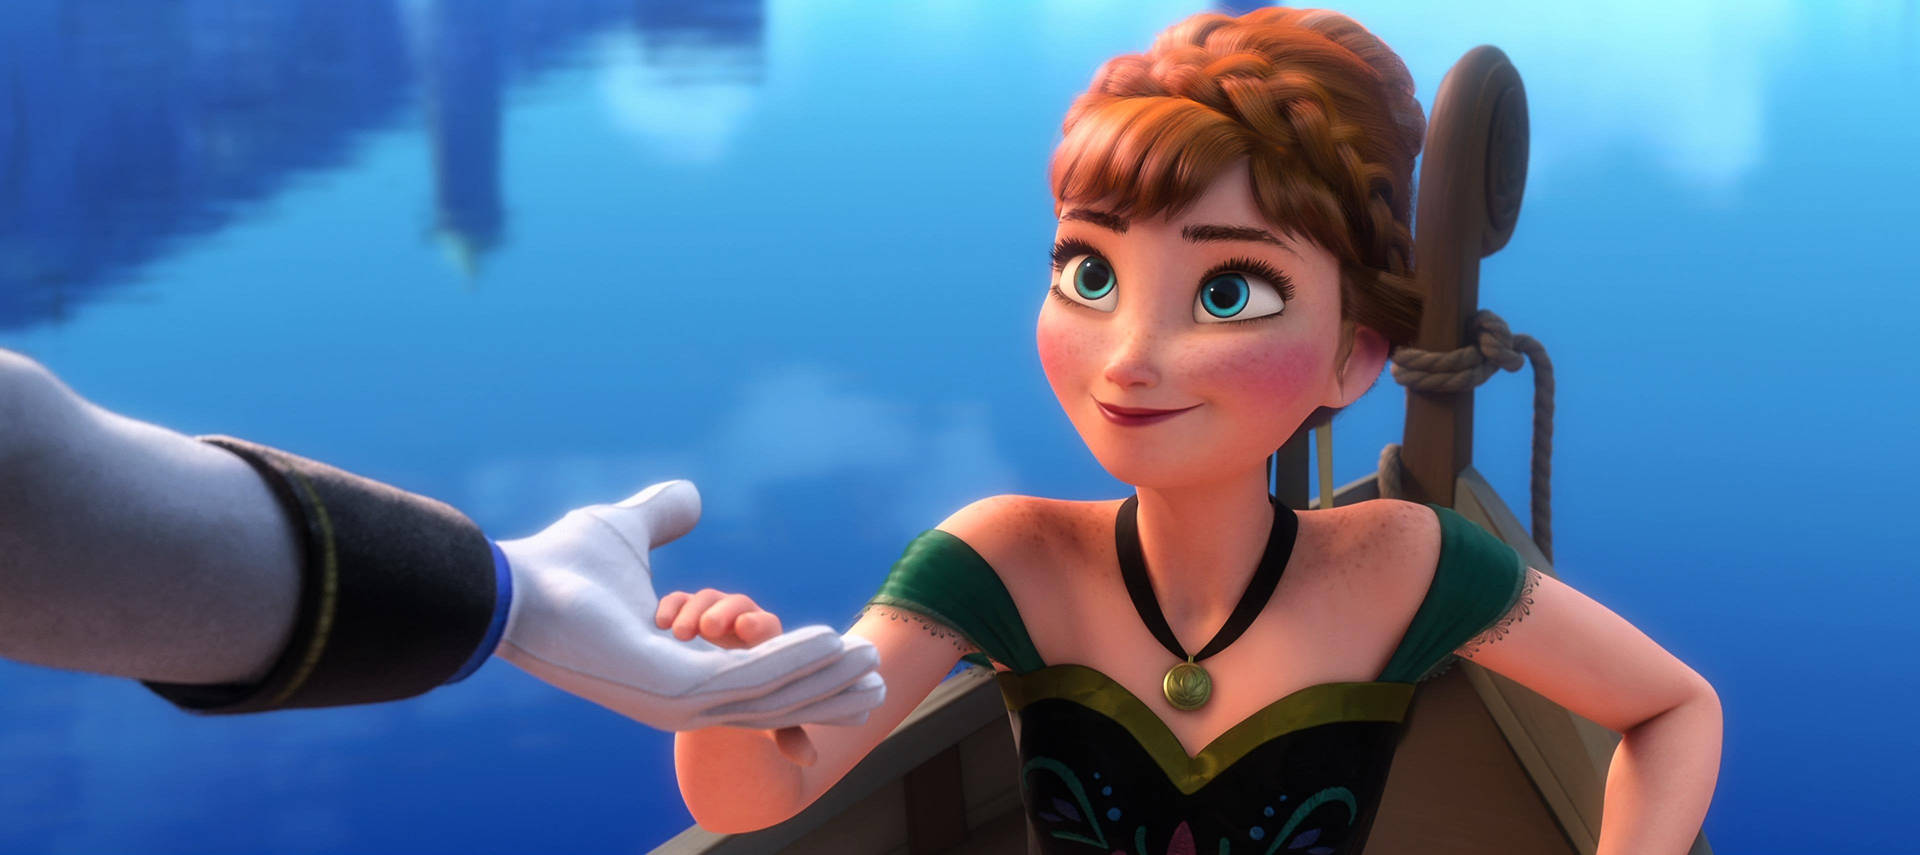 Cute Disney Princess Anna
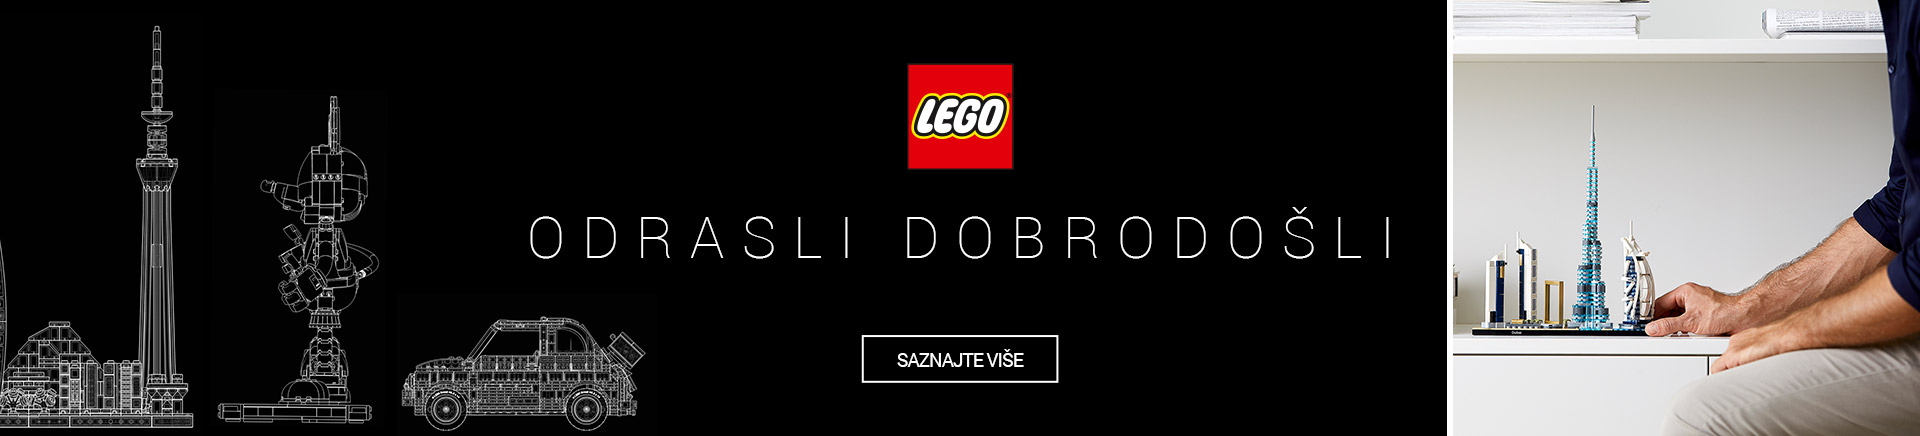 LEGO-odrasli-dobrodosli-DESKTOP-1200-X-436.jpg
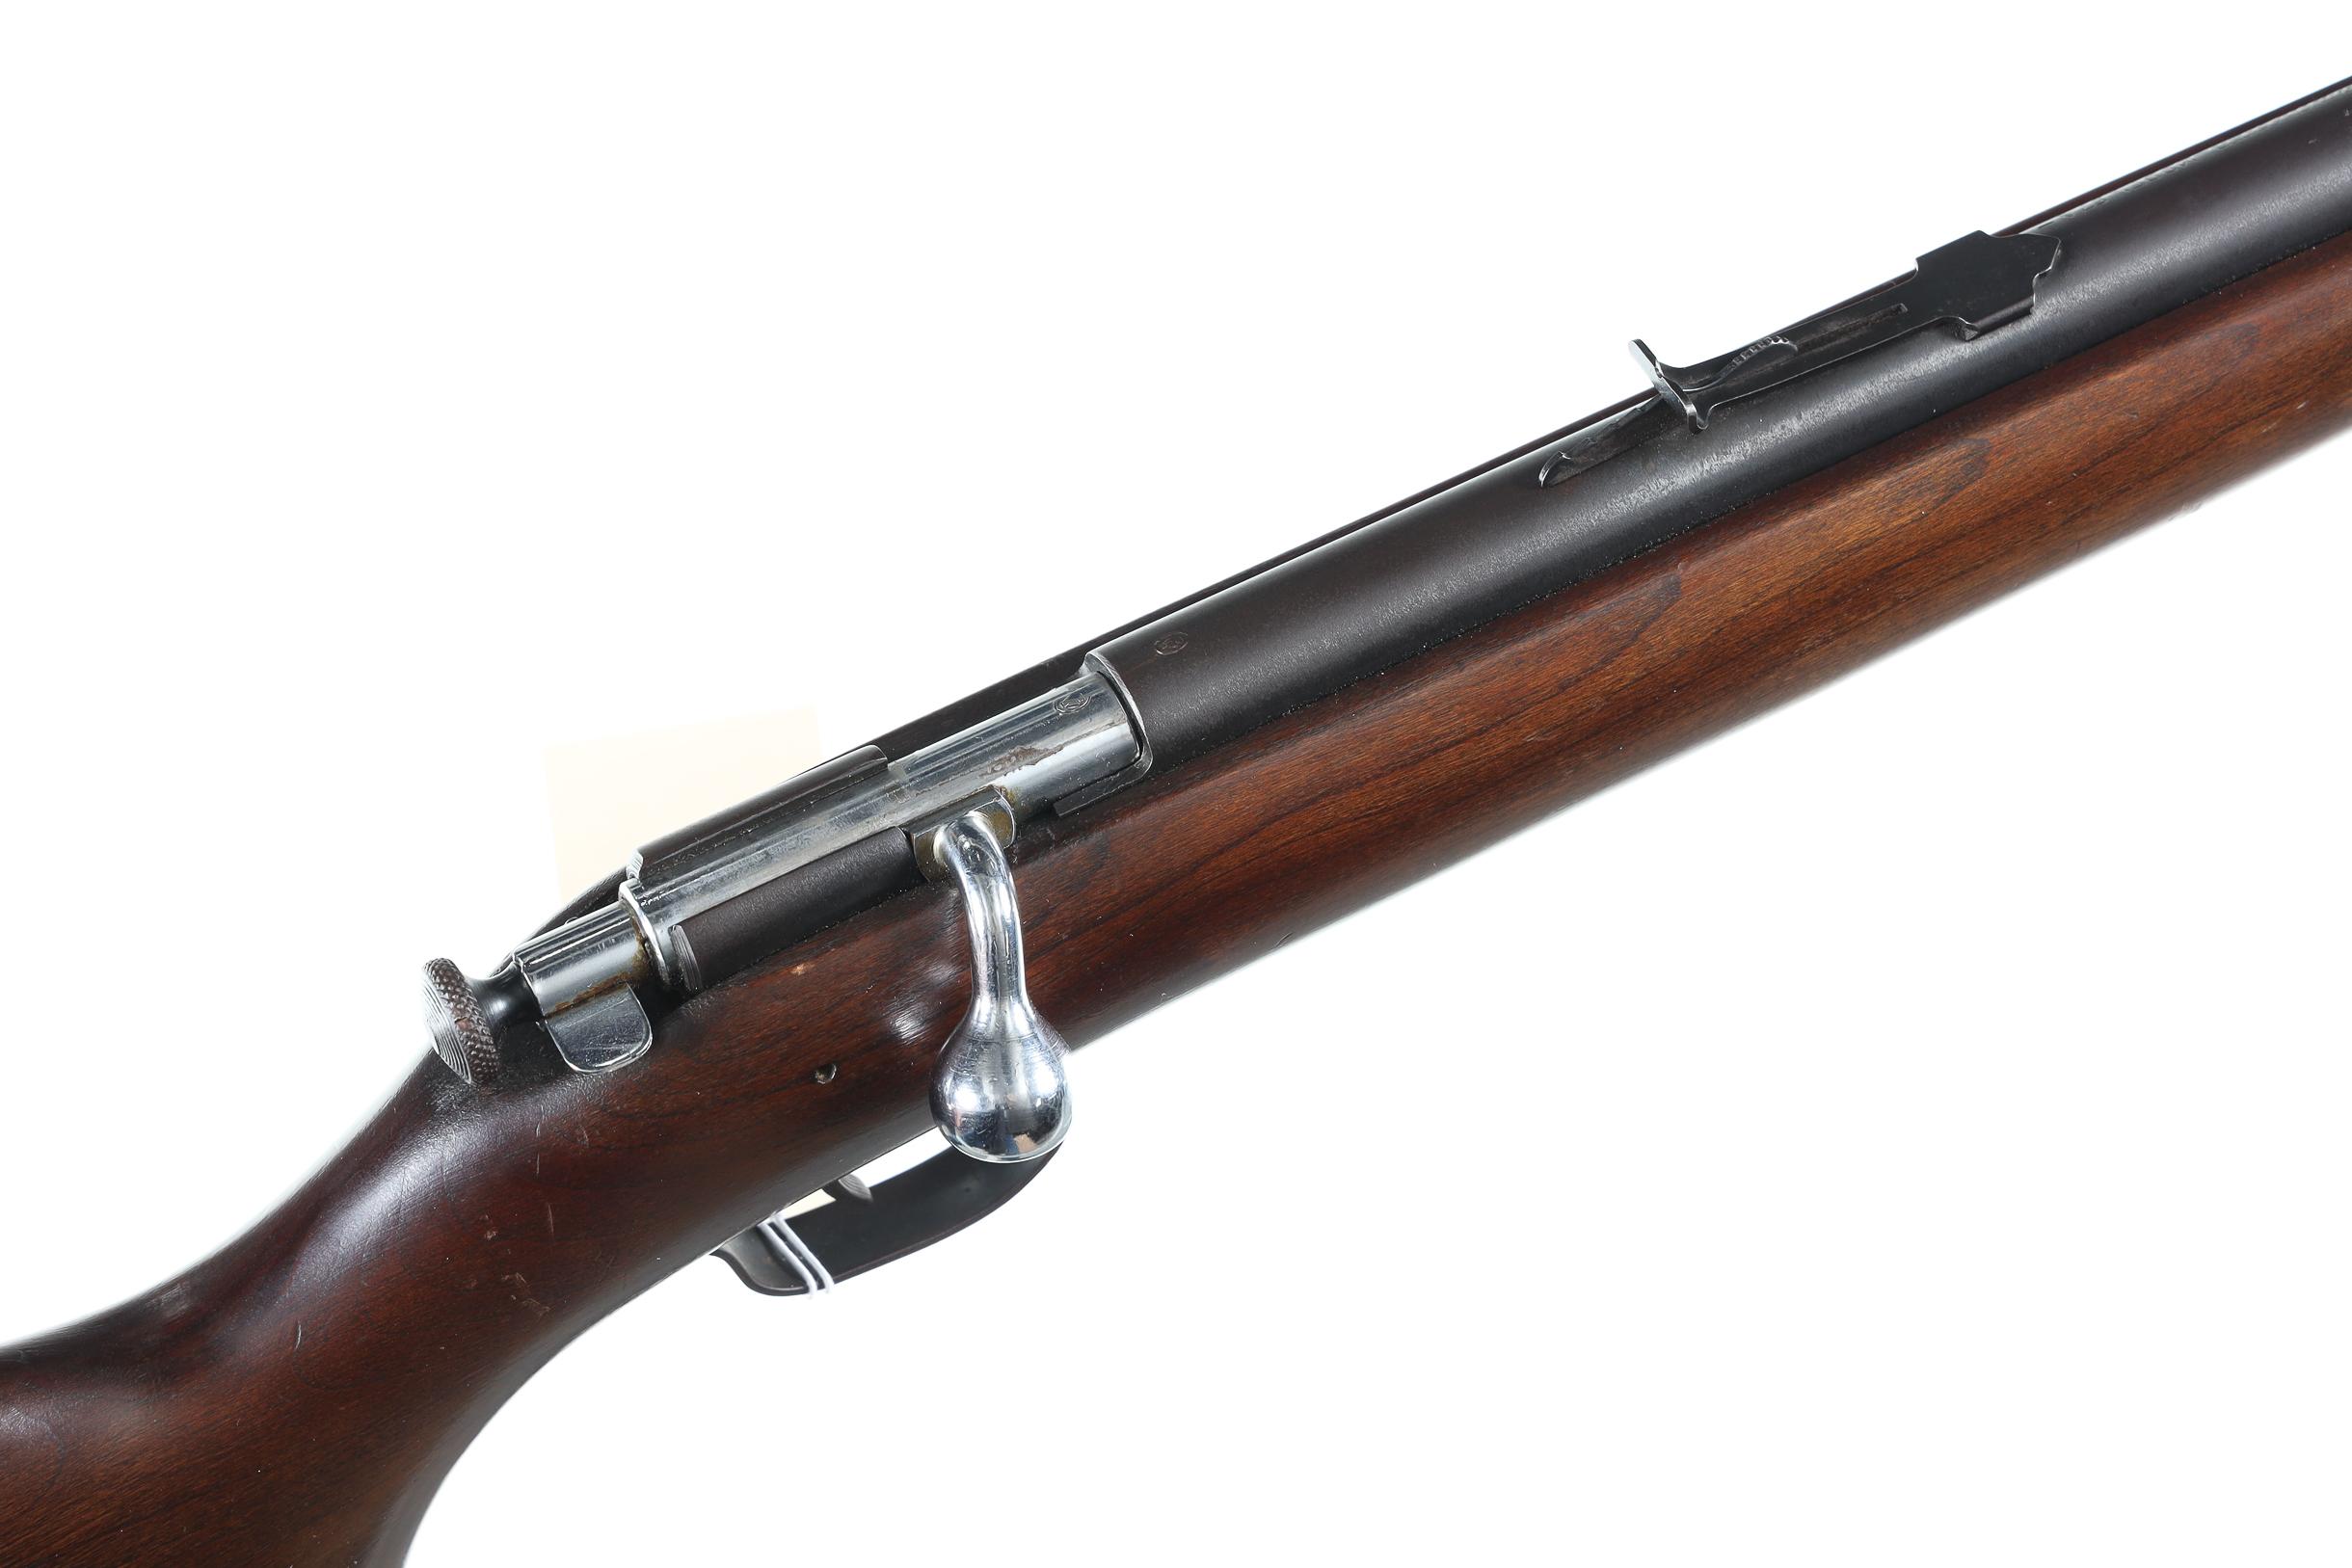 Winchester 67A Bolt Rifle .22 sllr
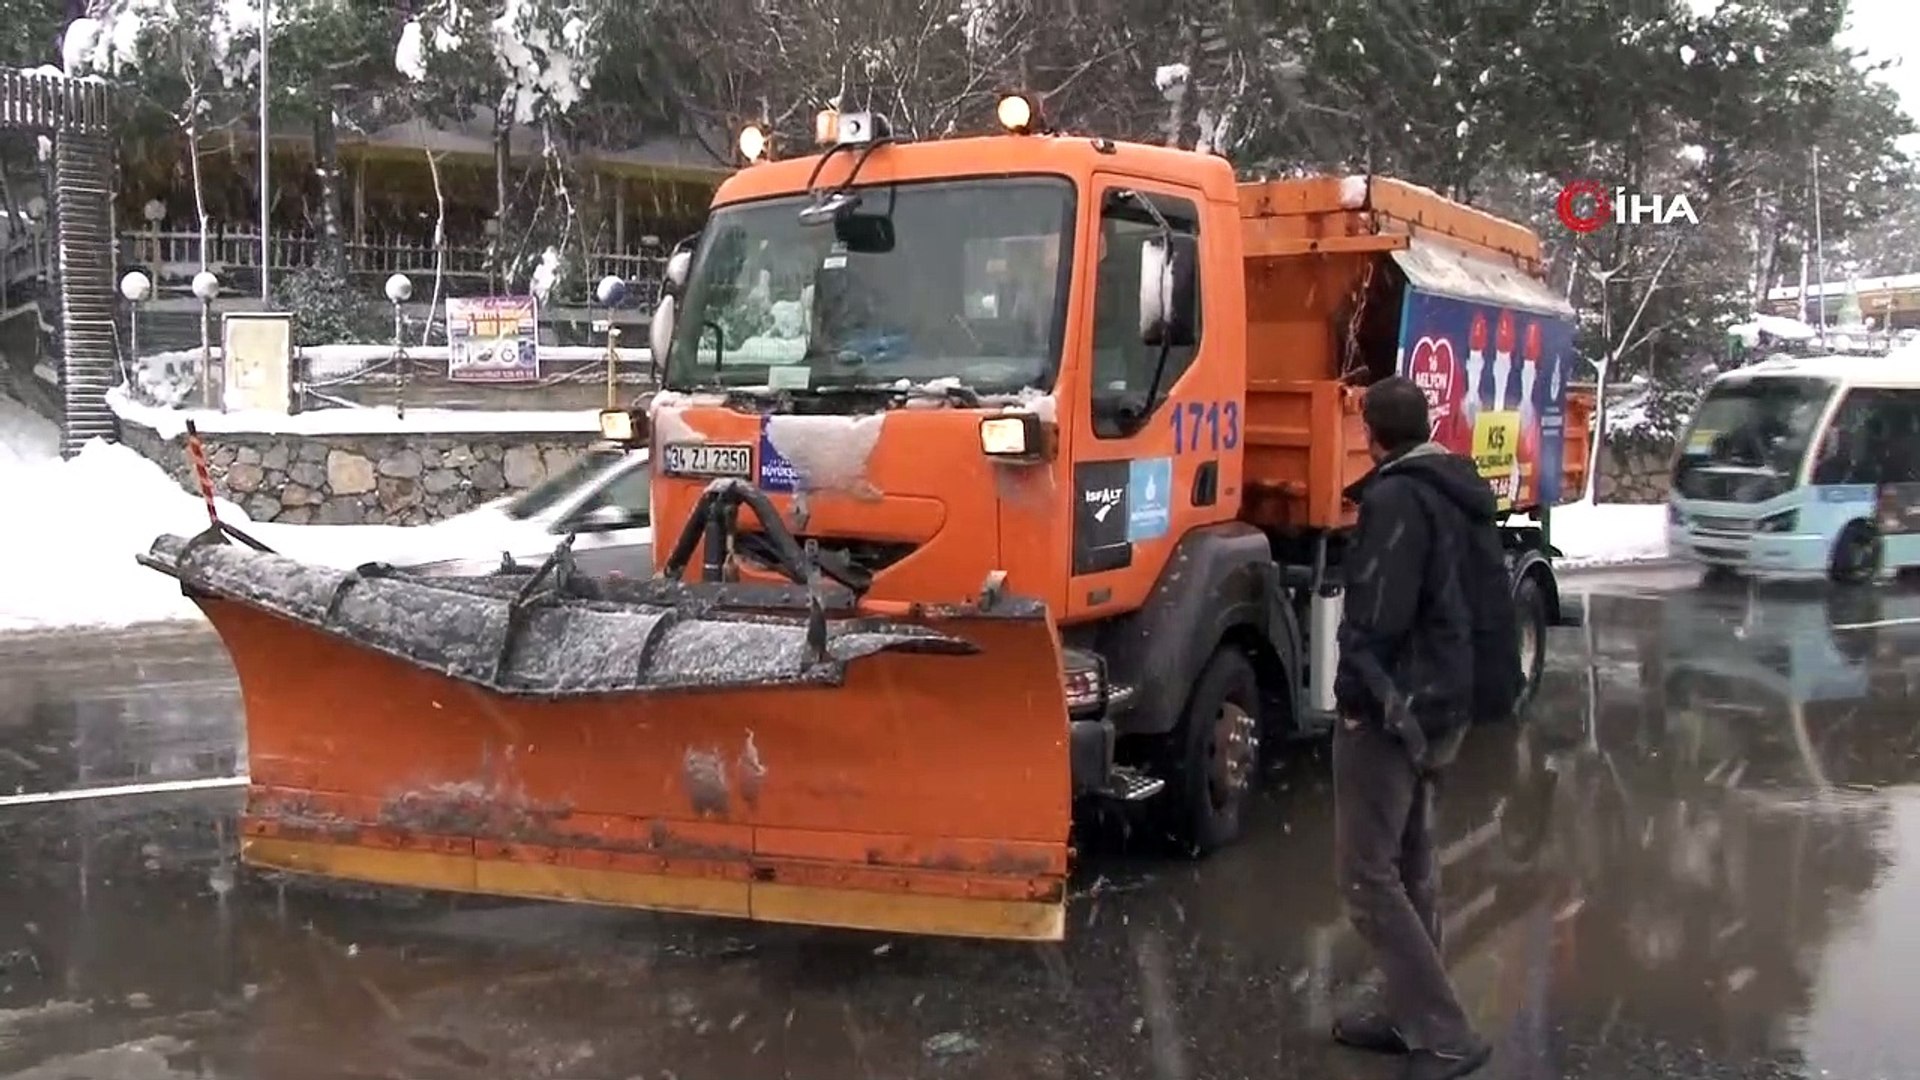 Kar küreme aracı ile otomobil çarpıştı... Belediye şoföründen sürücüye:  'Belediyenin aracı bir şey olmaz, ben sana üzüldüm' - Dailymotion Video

### WHAT IS EXPECTED:
Give all of the material again, exactly, apart from the pictures.

### RESULT OF THE TASK:
 Cute Disney Princess Anna
 LEGO-odrasli-dobrodosli-DESKTOP-1200-X-436.jpg
 Winchester 67A Bolt Rifle .22 sllr
 Kar küreme aracı ile otomobil çarpıştı... Belediye şoföründen sürücüye:  'Belediyenin aracı bir şey olmaz, ben sana üzüldüm' - Dailymotion Video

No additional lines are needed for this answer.